Organising data

During research, it is relevant to consider the structure of your data. We subsequently discuss filing and versioning and making backups.

Filing and versioning[1]

Paper documents
  • Make sure there is enough space
  • Store the documents safely
  • Keep the filing system simple (alphabetical, numerical, thematic, type)
  • Make sure you will also be able to understand the system in the future
  • Make an index file and code the documents
Digital documents
  • Take security measures to protect documents, including those that are privacy-sensative
  • Anonymise[2] or pseudonymise[3] privacy-sensitive documents
  • When you encrypt a file or folder, store the key separately from your documents
  • Make logical filing categories
  • Use folders for structuring and keeping file names short
  • Do not go deeper than 3 or 4 levels
  • Separate on-going and complete work
  • Use a systematic naming convention that uniquely identifies files
  • Use short and meaningful file names
  • Decide how many versions of a file to keep, which versions to keep, for how long and how to organise them
  • Identify milestone versions which cannot be altered or deleted
  • Include version numbers and/or dates in the file name
  • For notation of dates in file names use: year month day, such as 20140523 (for sorting reasons)
  • Record the changes that are made in a new version by using a version log
  • Version control can also be maintained by version-control facilities in the software you are using or in special versioning software
  • When working with others on data, maintain a master file

Backups

Paper documents
  • Make copies of paper documents and store these separately from the original documents
  • Digitise important paper documents
  • During research, archive both originals and copies
  • Store back-ups safely
Digital documents
  • Back up regularly, preferable at a fixed moment
  • Store back-ups separately from originals
  • Consider what to back up: files and folders - but also, perhaps, software applications

[1] The parts on filing and versioning and documentation are based on information in Managing and sharing data from the UK data archive.

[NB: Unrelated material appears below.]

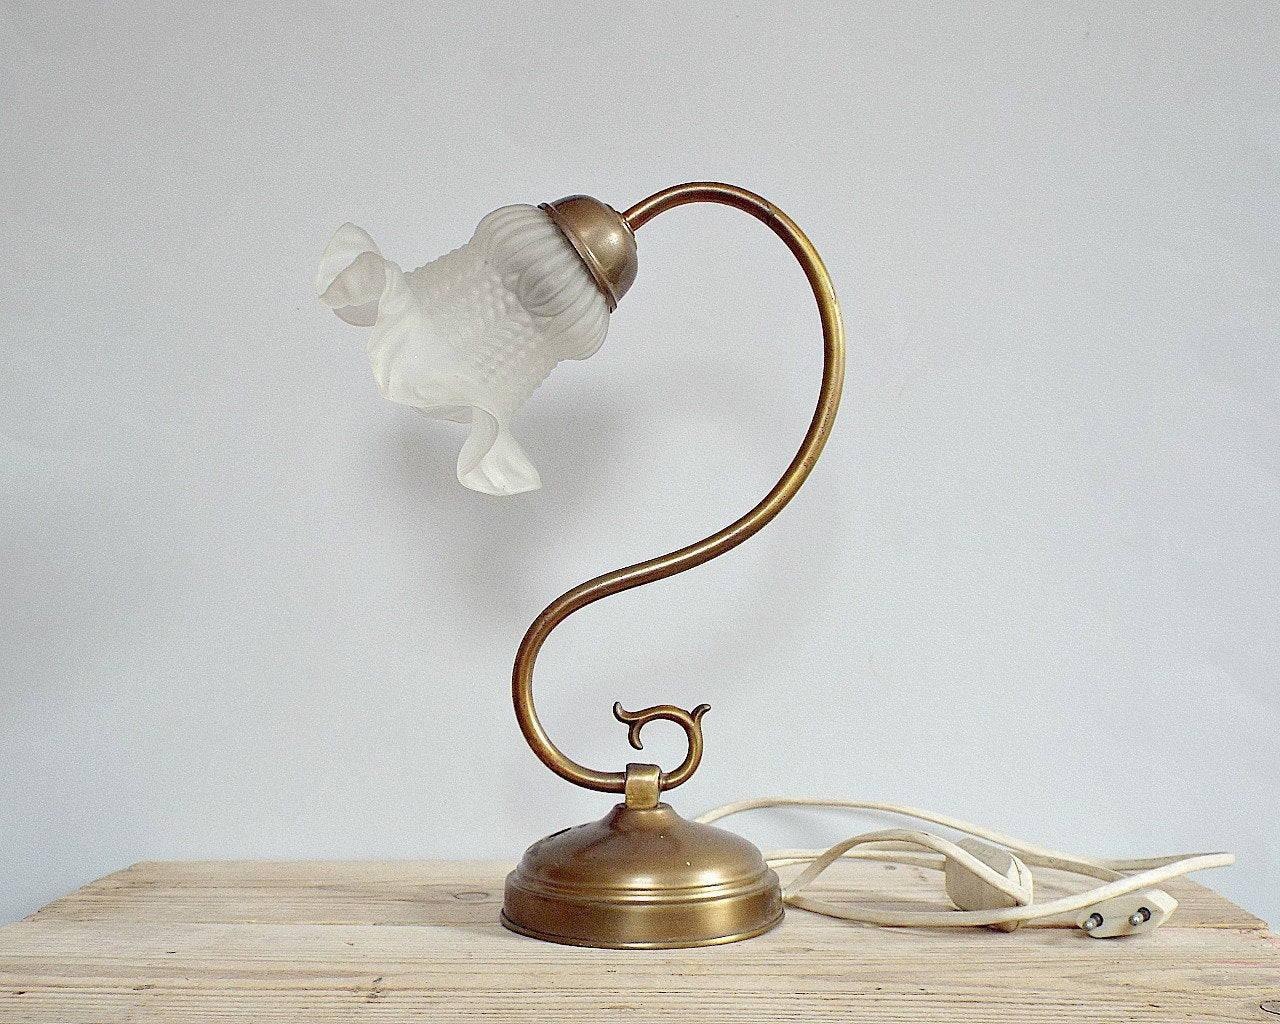 Best ideas about Antique Desk Lamp
. Save or Pin ART NOUVEAU French lamp vintage antique desk lamp amazing Now.

[2] Anonymisation is a type of information sanitisation whose intent is to protect privacy. It is the process of either encrypting or removing personally identifiable information from data sets, so that the people whom the data describe remain anonymous (source: Wikipedia).

[3] Pseudonymisation is a procedure in which identifying fields in a data record are replaced by artificial identifiers (pseudonyms). There can be a single pseudonym for a collection of replaced fields or a pseudonym per replaced field. The purpose is to make it harder to identify individuals from the data record and thus to lower respondent or patient objections to its use. Data in this form are suitable for extensive analytics and processing (source: Wikipedia).